Note: Git 2.18 (Q2 2018) does now pre-compute and store information necessary for ancestry traversal in a separate file to optimize graph walking.
That notion of commits graph does change how 'git log --graph
' does work.
As mentioned here:
git config --global core.commitGraph true
git config --global gc.writeCommitGraph true
cd /path/to/repo
git commit-graph write
See commit 7547b95, commit 3d5df01, commit 049d51a, commit 177722b, commit 4f2542b, commit 1b70dfd, commit 2a2e32b (10 Apr 2018), and commit f237c8b, commit 08fd81c, commit 4ce58ee, commit ae30d7b, commit b84f767, commit cfe8321, commit f2af9f5 (02 Apr 2018) by Derrick Stolee (derrickstolee
).
(Merged by Junio C Hamano -- gitster
-- in commit b10edb2, 08 May 2018)
You now have the command git commit-graph
: Write and verify Git commit graph files.
Write a commit graph file based on the commits found in packfiles.
Includes all commits from the existing commit graph file.

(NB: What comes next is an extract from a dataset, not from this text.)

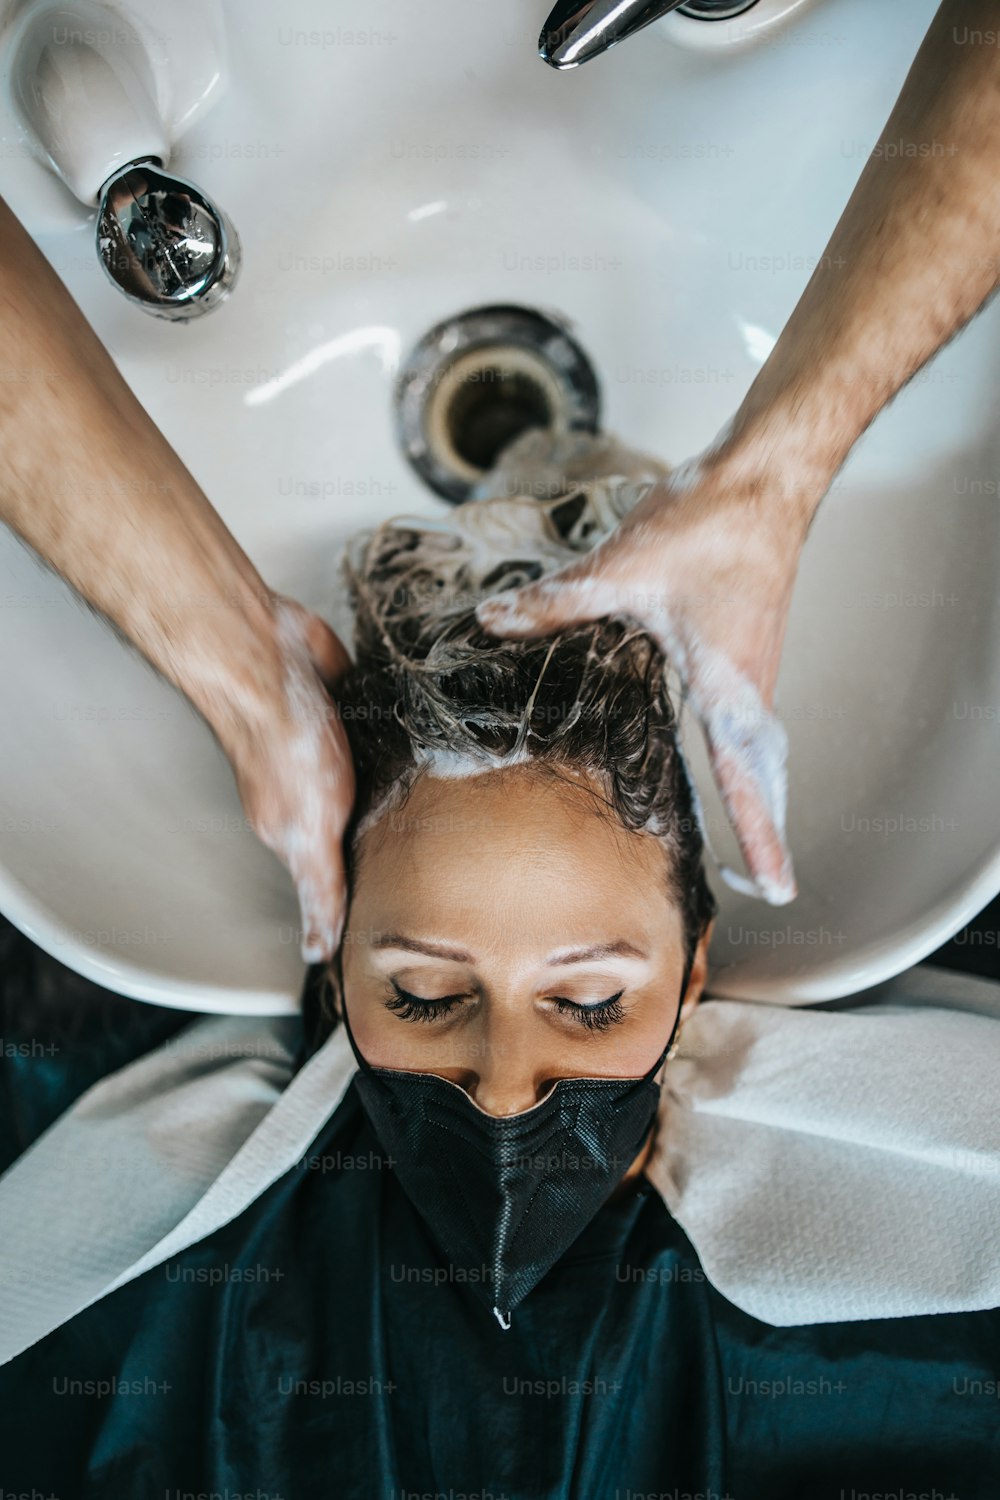 Cabeleireiro lavando o cabelo de uma bela mulher adulta jovem no salão de cabeleireiro. Ela está usando máscara facial de proteção como proteção contra a pandemia de vírus.

The design document states:
Git walks the commit graph for many reasons, including:
- Listing and filtering commit history.
- Computing merge bases.
These operations can become slow as the commit count grows. The merge
base calculation shows up in many user-facing commands, such as 'merge-base'
or 'status' and can take minutes to compute depending on history shape.
There are two main costs here:
- Decompressing and parsing commits.
- Walking the entire graph to satisfy topological order constraints.
The commit graph file is a supplemental data structure that accelerates
commit graph walks.
If a user downgrades or disables the 'core.commitGraph
' config setting, then the existing ODB is sufficient.
The file is stored as "commit-graph
" either in the .git/objects/info
directory or in the info directory of an alternate.
The commit graph file stores the commit graph structure along with some
extra metadata to speed up graph walks.
By listing commit OIDs in lexicographic order, we can identify an integer position for each commit and refer to the parents of a commit using those integer positions.
We use binary search to find initial commits and then use the integer positions
for fast lookups during the walk.
You can see the test use cases:
git log --oneline $BRANCH
git log --topo-order $BRANCH
git log --graph $COMPARE..$BRANCH
git branch -vv
git merge-base -a $BRANCH $COMPARE
This will improve git log
performance.
With Git 2.39 (Q4 2022), the glossary entries for "commit-graph file" and "reachability bitmap" have been added.
See commit 8fea12a, commit 4973726, commit fa8e8d5, commit 776ba91 (29 Oct 2022) by Philip Oakley (PhilipOakley
).
(Merged by Taylor Blau -- ttaylorr
-- in commit 4b6302c, 08 Nov 2022)
glossary
: add reachability bitmap description
Signed-off-by: Philip Oakley
Signed-off-by: Taylor Blau
Describe the purpose of the reachability bitmap.
glossary-content
now includes in its man page:
reachability bitmaps
Reachability bitmaps store information about the
reachability of a selected set of commits in
a packfile, or a multi-pack index (MIDX), to speed up object search.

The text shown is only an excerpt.